Zaten İslâmî harekâtın önündeki en büyük görev de inançları çağa uyarlamaktır. Diğer yandan İslâm'ın bir de özel yaşamda yeri var ki, o ayrı bir konu ve her zaman teşvik edilmeli. İster İslâm, ister Hıristiyanlık olsun, din birey yaşamındaki ahlâkî değerleri güçlendiriyor. Ama din siyasete soyununca o zaman gerçekçi bazı ‘tavizler’ vermesi gerekiyor.”

Başkan Clinton’a Göre Türkiye

Konuyu daha da berraklaştırmak için ABD Başkanı Bill Clinton’un 8 Kasım 1999’da Türkiye’yi ziyaret etmeden önce Georgetown Üniversitesi Herbert Quandt (BMW) Merkezinde verdiği konferans notuna bir göz atmakta yarar var.

“Türkiye'ye gittiğimde onlara 20. yüzyıl tarihinin acısıyla tatlısıyla Osmanlı İmparatorluğunun I. Dünya Savaşı öncesi ve sonrasında yıkılış tarzı ve Avrupalı güçlerin bu süreçte aldıkları kararlarla şekillendiğini anlatacağım.

İnanıyorum ki, önümüzdeki yüzyılda önemli ölçüde Türkiye'nin geleceğini, günümüz ve gelecekteki rolünü tanımlama tarzıyla şekillenecektir.

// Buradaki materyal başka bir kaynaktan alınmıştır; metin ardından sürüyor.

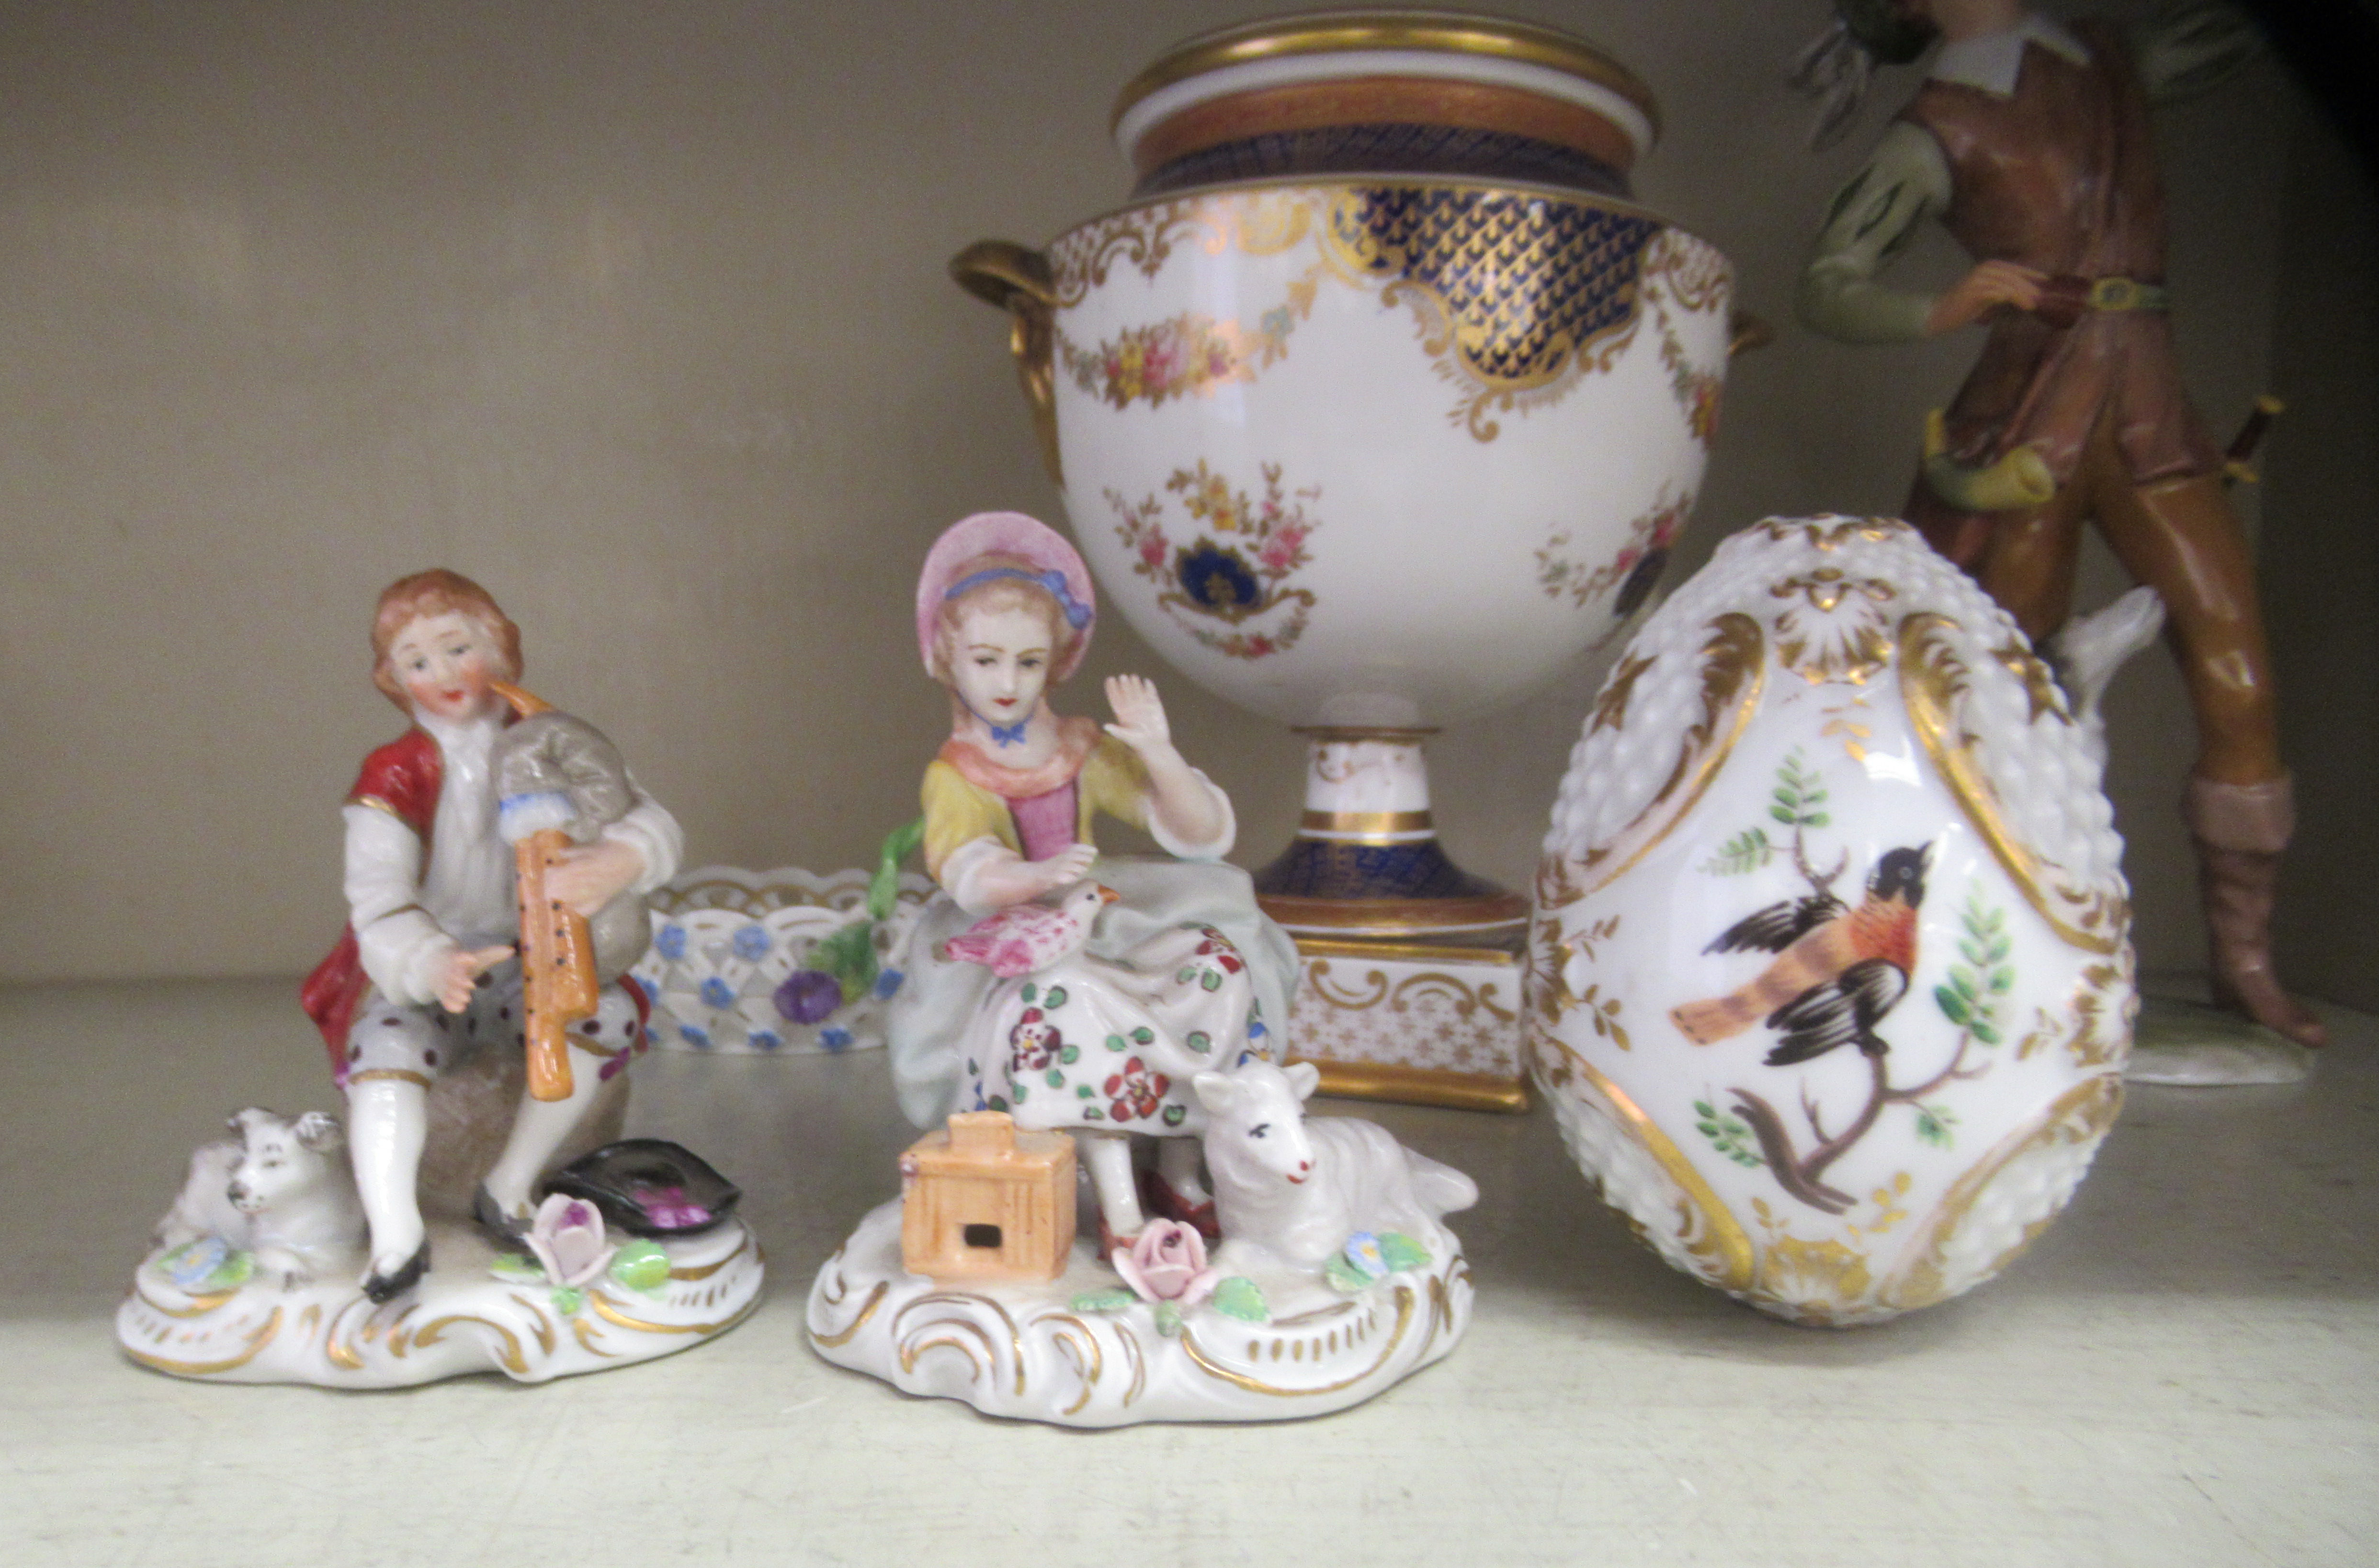 Decorative ceramics: to include a Kaiser porcelain figure, a hunter  10"h - Image 6 of 9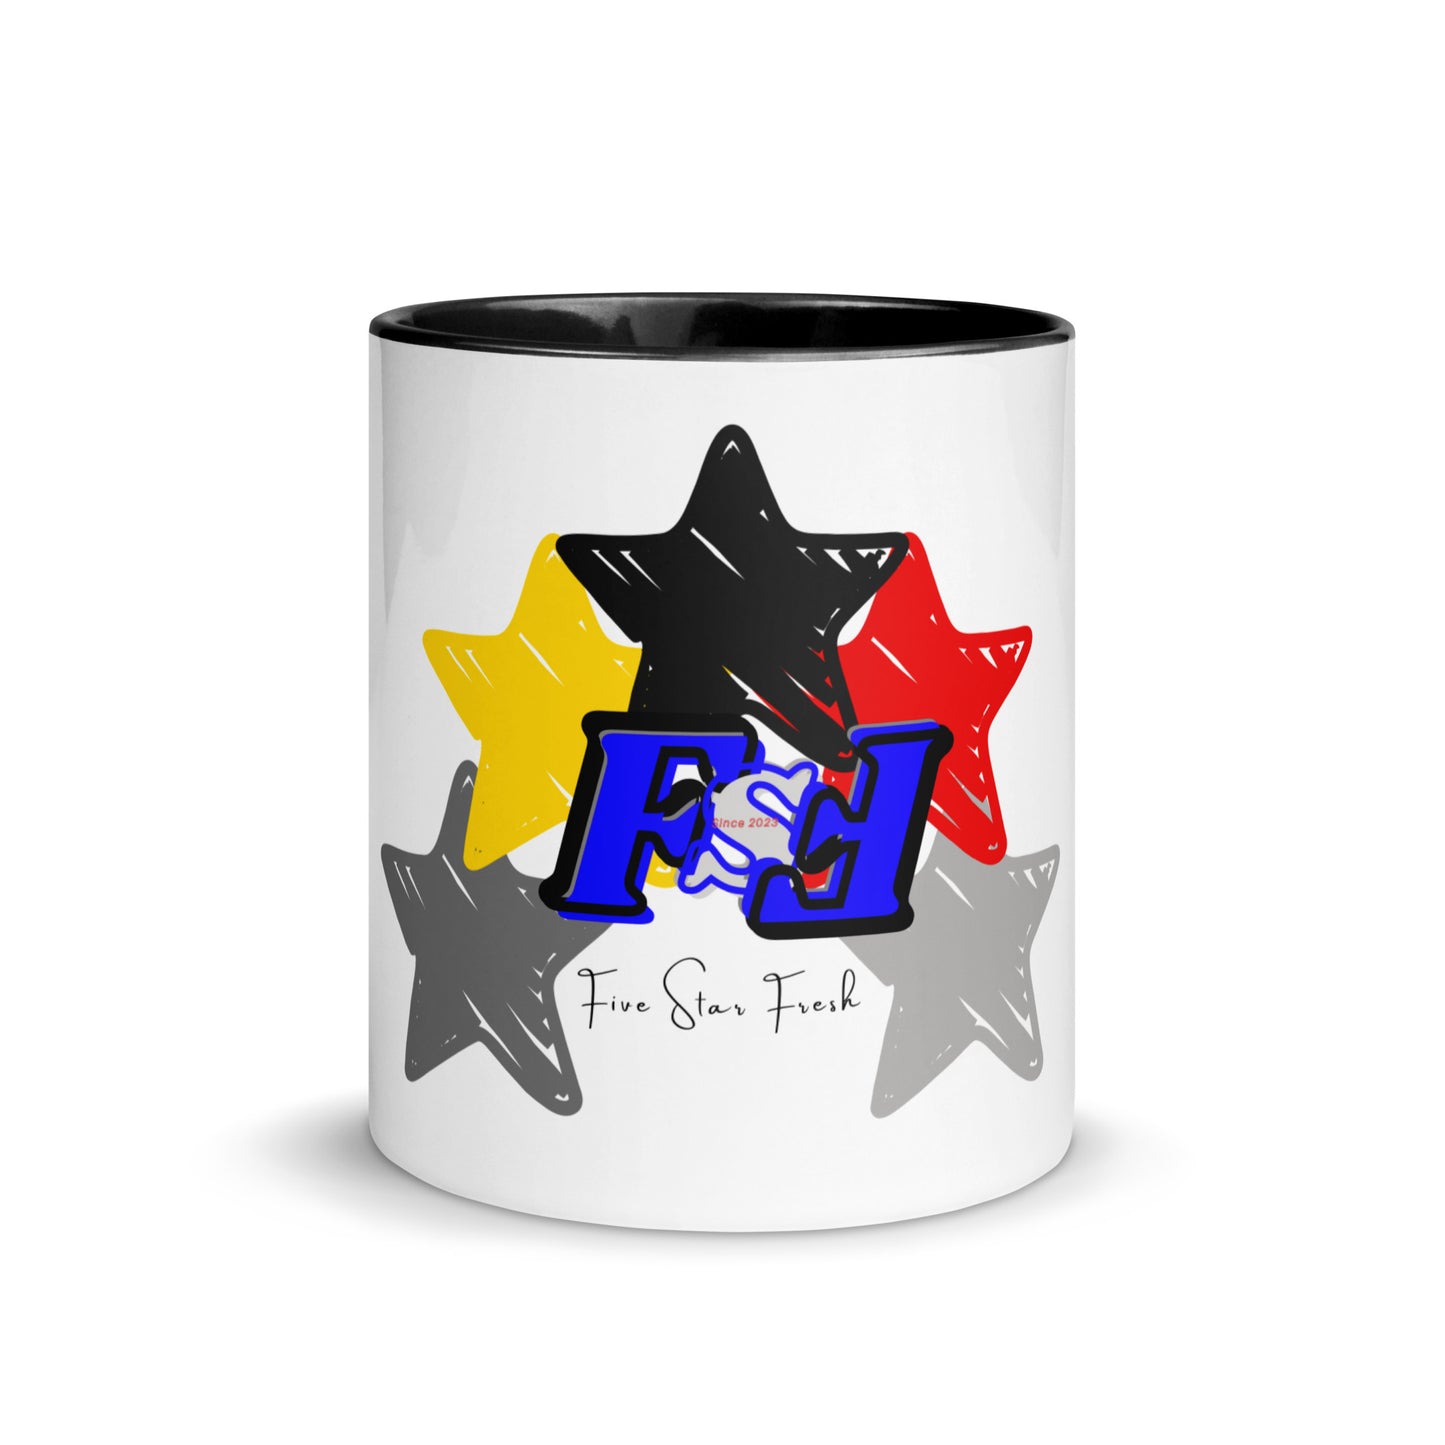 'Big Star' Dark - Five Star Fresh Mug with Color Inside

Zira Türkiye, Avrupa, Ortadoğu ve Orta Asya'nın tam kesiştiği noktada bulunmaktadır, dolayısıyla Türkiye, Avrupa'nın bir parçası olarak istikrarlı, demokratik, laik bir İslam ülkesi olma özelliğini koruduğu takdirde şüphesiz çok daha ümitli bir geleceğe kavuşuruz.”

Demokrat, Laik ve İslam

Gördüğünüz gibi Türkiye’ye biçilen rolde istikrarlı bir şekilde yürütülmesi gereken üç ana unsur vardır. “Demokrasi, laiklik ve din”. Bu unsurlar olmadığı veya demokrasi ve laiklik gibi unsurlardan biri veya birkaçı eksik olduğu taktirde, sadece iç güçlerin değil, dışarıdaki süper güçlerin de Türkiye’ye belli yöntemlerle müdahale edeceği kuvvetli bir varsayımdır. Nitekim son günlerde benzer müdahaleleri de görüyoruz.

Bu nedenle ben Türkiye’nin İran tarzı bir İslam devleti olabileceğini düşünmüyorum. Ancak son günlerde Cizre’den gelen PKK ile ilgili tatsız haberleri gördükçe, ABD Büyükelçisi’nin zamansız Güneydoğu seyahatini de dikkate alıp, Türkiye’nin bölünmesi ve istikrarı açısından derin endişeler taşıyorum. Bakalım bu tatsız oyun nereye kadar gidecek?